FRIAS Research Project

“Bringing Democracy to Daddy: Changing Conceptions of Paternal Authority in West Germany, 1945-1979”

Conceptions of fatherhood occupy a key site within a history of West Germany’s “democratic moment”, a history of how a democratic way of life came about in a German society whose citizens were emerging from a murderous past and desperately trying to navigate the tensions between democracy and authority in order to construct a better polity.
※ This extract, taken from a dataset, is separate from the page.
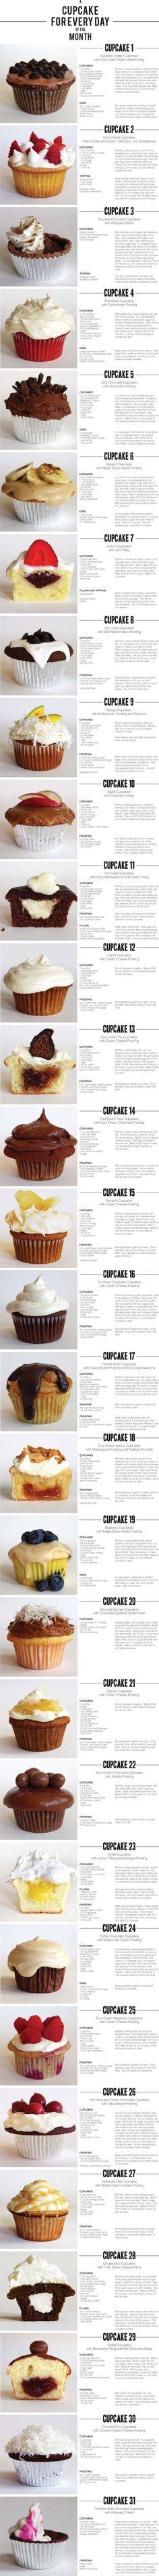 ◆ Visit MACHINE Shop Café ◆ for Cuisine As Art @ MACHINE (Cupcake Recipe Names List)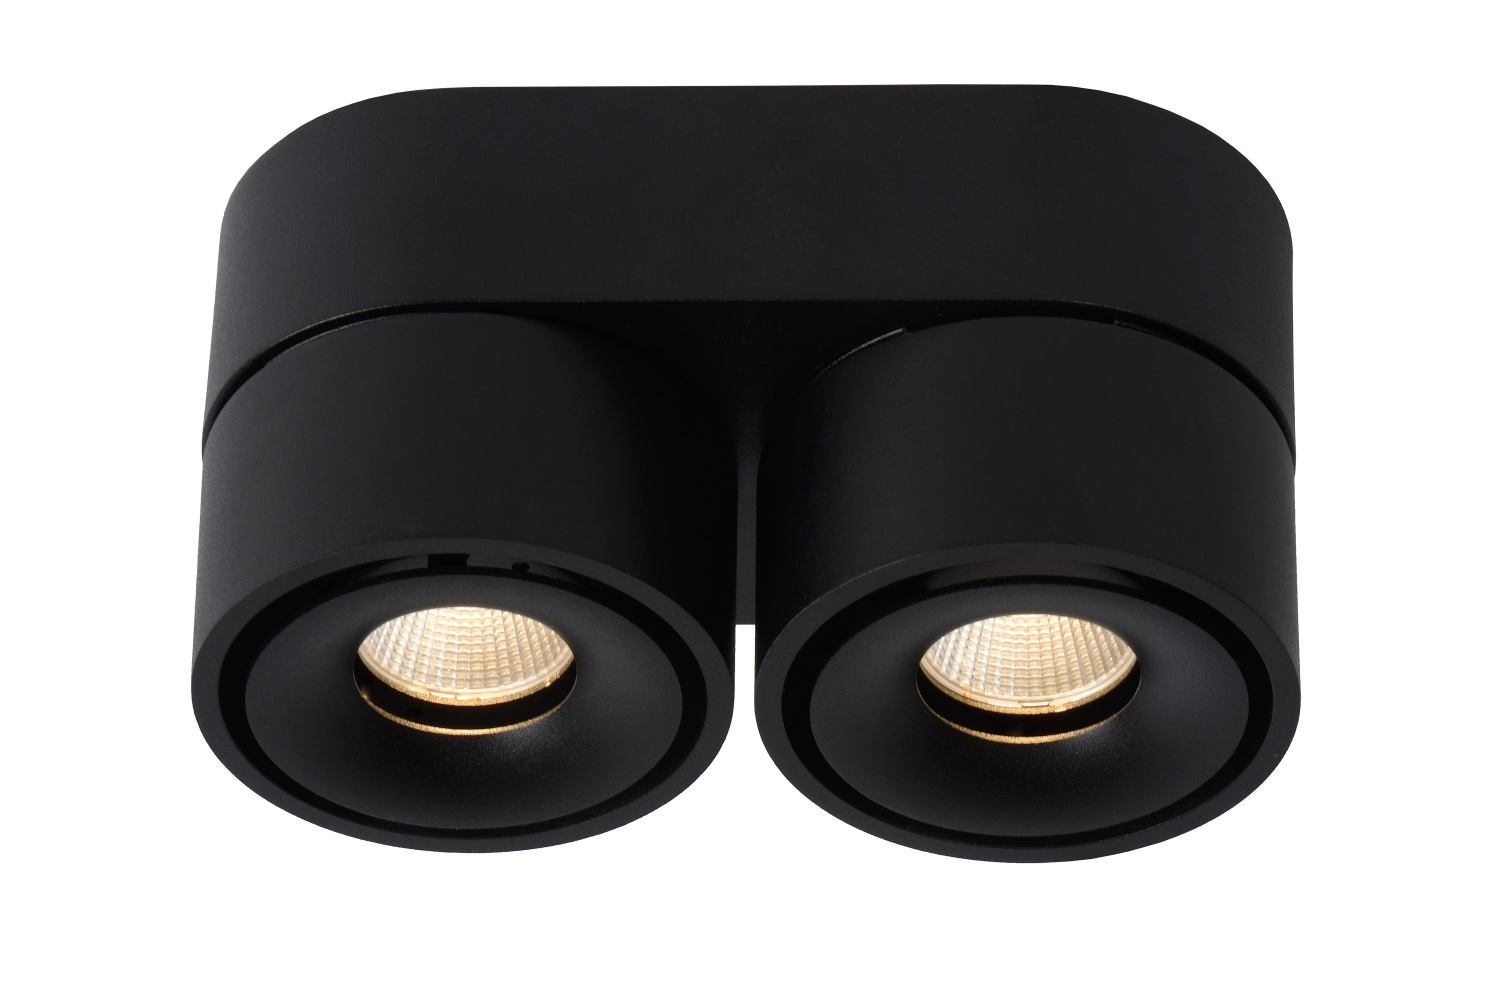 Lucide YUMIKO Plafondspot-Zwart-Ø7,8-LED Dimb.-10W-2700K

Within the search for a “democratic family,” debates about fatherhood occupied a critical place because the “father” had embodied the idea of authority both within the Judeo-Christian tradition, Classical and Atlantic Republicanism as well as nineteenth-century liberal conceptions of patriarchy. Given the experience of National Socialism and the Holocaust, West German political culture of the 1950s and 1960s was intensely concerned with the question of “authority,” and the figure of the father soon occupied an emblematic status within these public debates. The question of which form of paternal authority was indispensable to the making and survival of a democratic polity took on an almost startling urgency in postwar West Germany.